An equaliser entirely justified.
Instantly, City nearly got a second. Duke's high punt was killed by Garcia who, visibly gaining in confidence, found Cousin whose lack of mobility hadn't blunted his instinct for goal, and the 25-yard drive was vicious and swift, and just a foot too high.
It was good stuff, this. City were clearly in charge, but Tottenham fans could be consoled by the knoweldge that they had players who were capable of pulling something from the hat, and it was obvious even to the casual watcher that one thing the Tigers lacked was finishing prowess. A second goal was predictable; it was just hard to predict which side would actually score it.
Woodgate stabbed a Modric cross over the bar before Sam Ricketts, playing probably the best attacking game of his mixed season, embarked on a flowing, athletic counter attack which seemed set to end with a shot, but instead he fed Marney's overlap before hurtling after the instant cross and flashing his header wide. Dawson then put a free kick over the bar after Modric fouled Kevin Kilbane, earning the Croat a booking.
The second half continued to the same pattern as the first, and indeed became more end-to-end, with midfields being bypassed more and defences working harder than ever. Darren Bent turned elegantly to dispatch a powerful shot goalwards which Duke held well; then Gardner twice had opportunities from Marney's corner to find the target, but the ball eventually diverted to Kilbane whose shot was blocked.
Gardner's effort at the other end remained unflinching too, taking a Wilson Palacios shot full in the stomach after a chronic pass by Zayatte put City under needless pressure. Modric then swung over a free kick and Vedran Corluka headed on to the bar and over.
Brown withdrew Cousin, regrettably but understandably, and chucked on Mendy.
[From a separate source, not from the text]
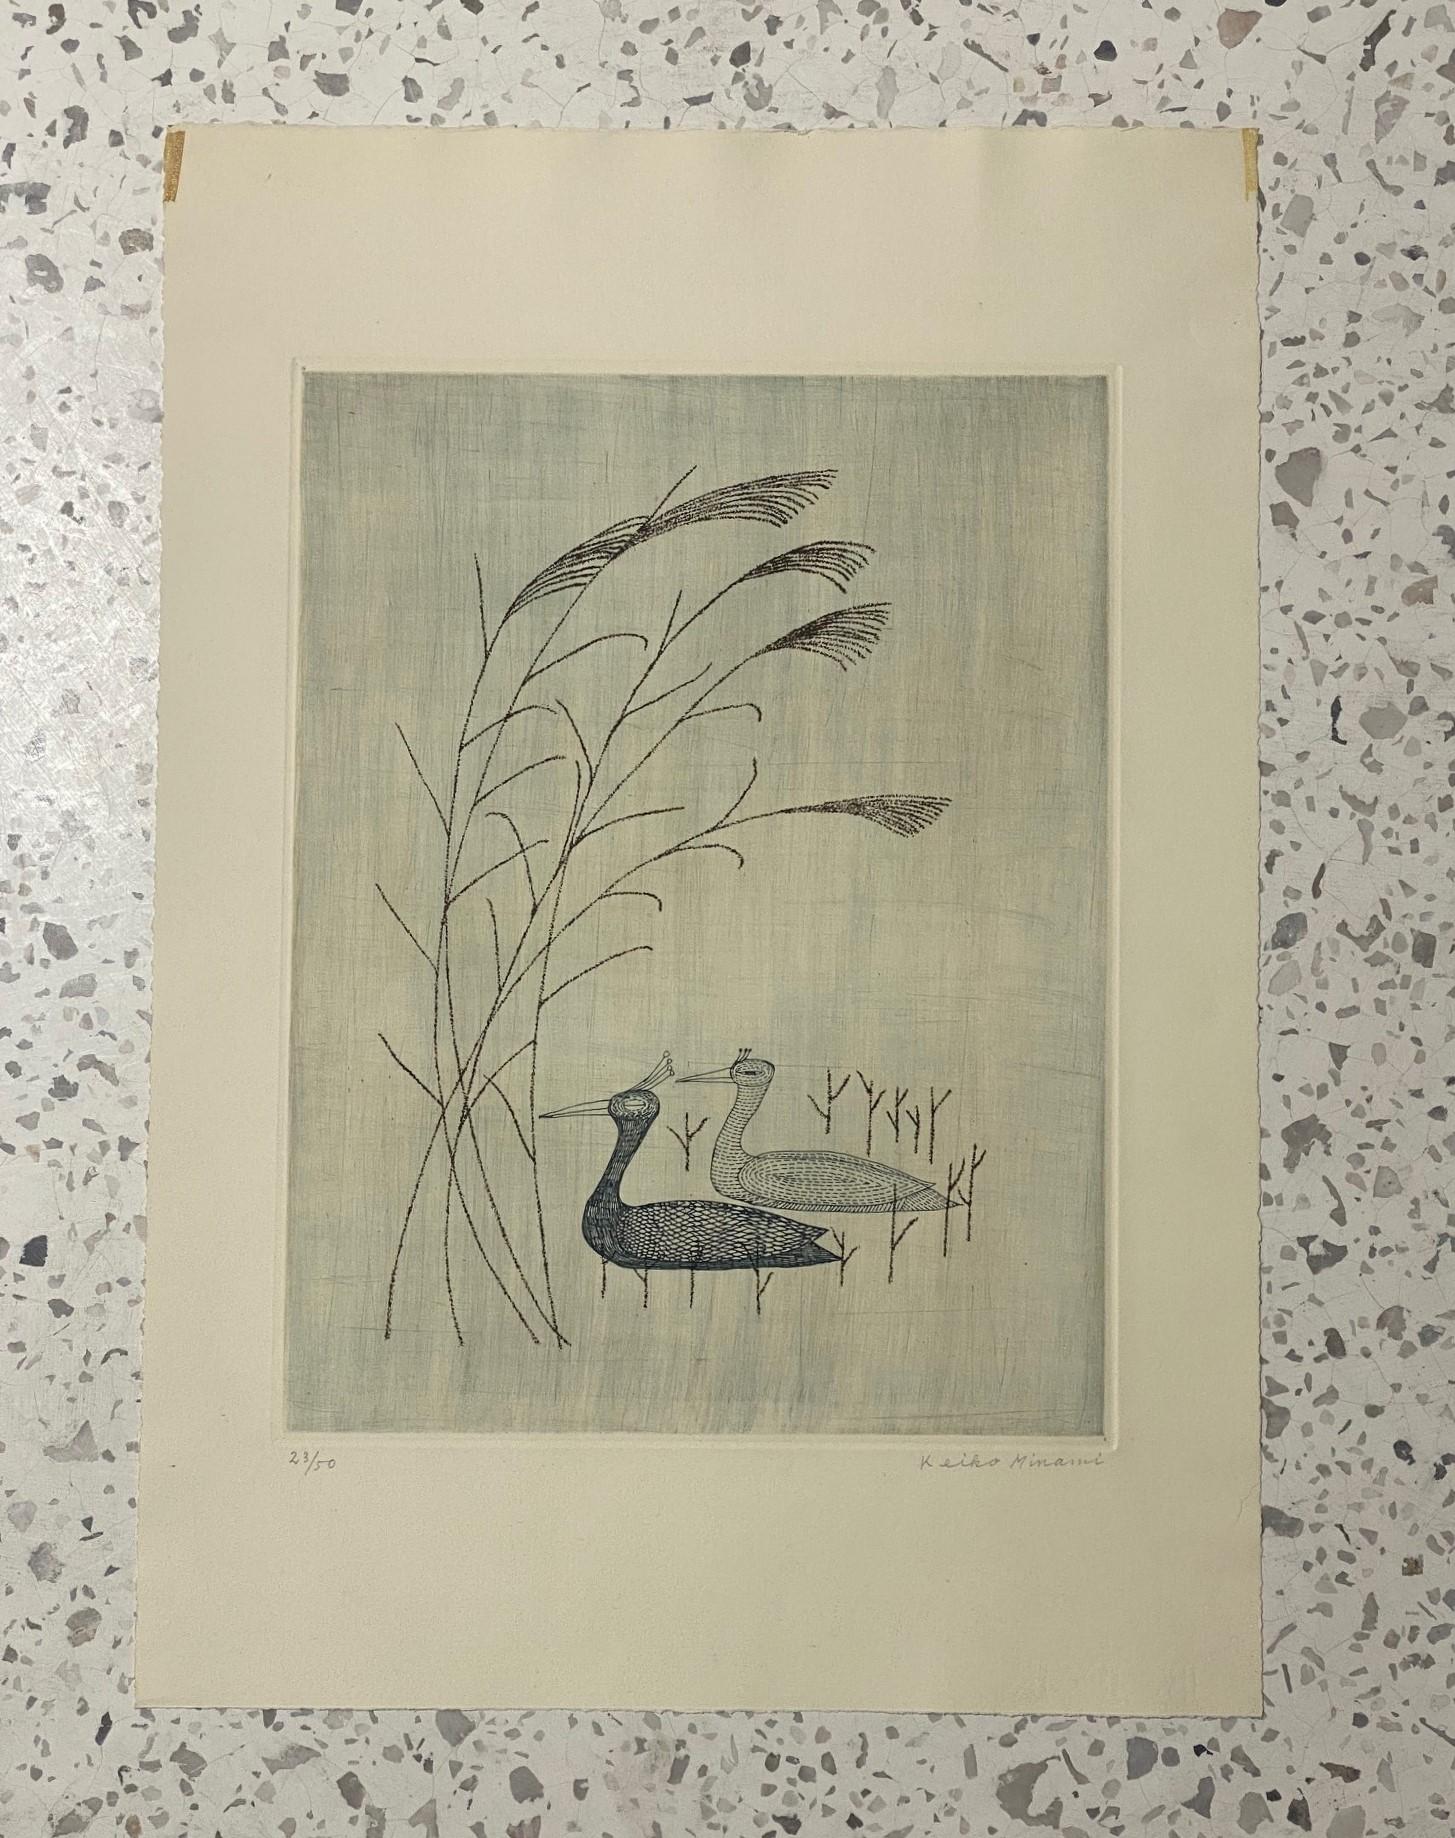 A beautiful and rather whimsical etching by famed Japanese artist Keiko Minami who was known for her pictograph-like aquatints/etchings with a playful, childlike aesthetic. This work features a pair of birds - perhaps herons - sitting serenely in a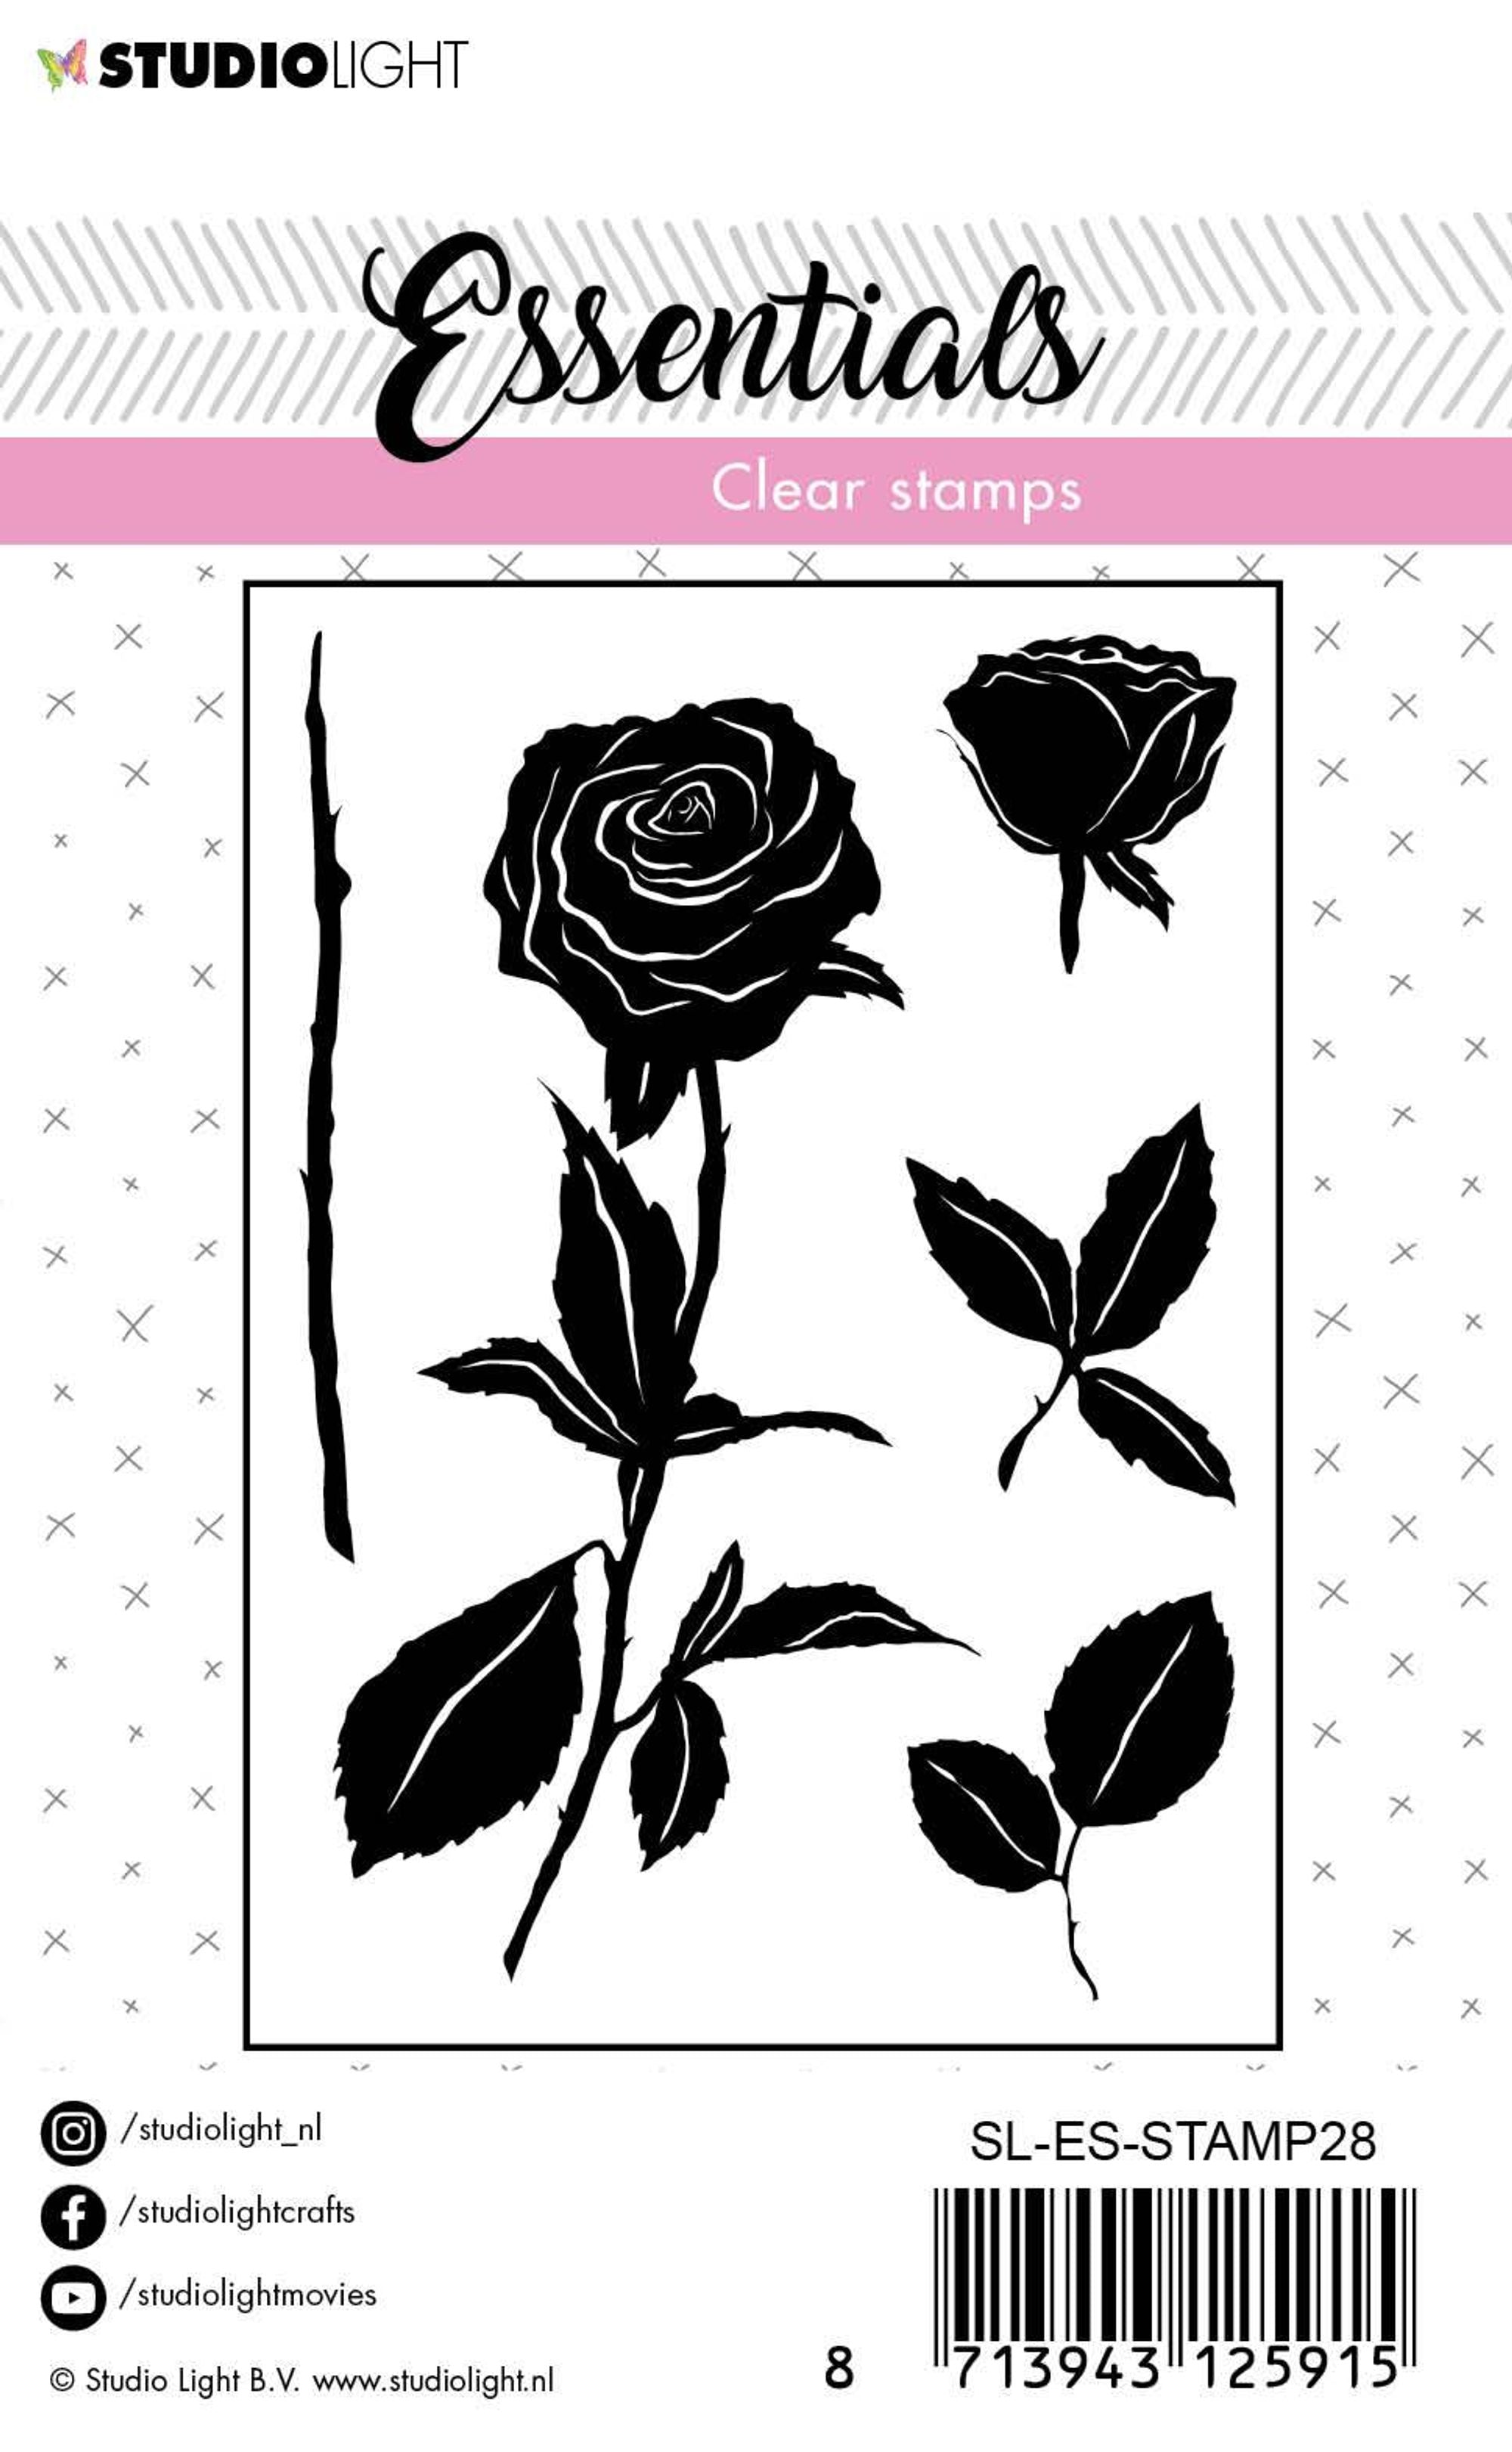 SL Clear Stamp Roses Essentials 73x102,5mm nr.28

This meant that there was now no specialist centre forward on the park, with Garcia thanklessly poloughing a lone furrowq up front and hoping for help from Marney and Mendy wherever possible.
Zayatte, totally unconvincing on the deck, nonetheless nearly shrouded his struggles with the ball for the second game in a row when he won a header from Dawson's corner but, unlike at Sheffield United, the ball refused to enter the net, touching the post and bouncing away.
The last ten minutes approached and Manucho was slung on for Garcia as Brown, true to form, made a change aimed at grasping a winner. Instead, the majority of the closing period was all Spurs, with Jenas making room for a pulsating drive which Gardner blocked as Duke dived to smother.
The winner came when Gardner chose to follow Benoit Assou-Ekotto's run, leaving too much space in the box, and Woodgate clambered above Dawson to direct a firm, flying header beyond Duke's reach. City were caught out of position and slow on the uptake, and were roundly punished. Woodgate was instantly substituted with blood pouring from an eye wound, leaving the pitch a hero to one corner of the KC.
Geovanni immediately replaced Zayatte but there was nothing in the tank, and the final whistle heralded a thoroughly despondent mood among the Tiger Nation. This game was not only winnable, but to fail to do so in such dramatic fashion thanks to their own indiscipline is infuriating and frightening. That the defeat was to a side almost certain to prove that a relegation battle was not for them is scant consolation, and while some doom-merchants now claim City will not win again this season, all we can do is maintain some faith and hope Brown picks the next team correctly. And tell the morons claiming he's finished to keep quiet.
Hull City: Duke, Ricketts, Turner, Gardner, Dawson, Marney, Ashbee, Zayatte (Geovanni 87), Kilbane, Garcia (Manucho 79), Cousin (Mendy 67). Subs not used: Myhill, Doyle, Barmby, Halmosi.
Tottenham Hotspur: Cudicini, Corluka, Woodgate (Dawson 89), King, Assou-Ekotto, Lennon (Zokora 87), Jenas, Palacios, Modric, Keane, Bent (Pavlyuchenko 72). Subs not used: Gomes, Bentley, Huddlestone, Chimbonda.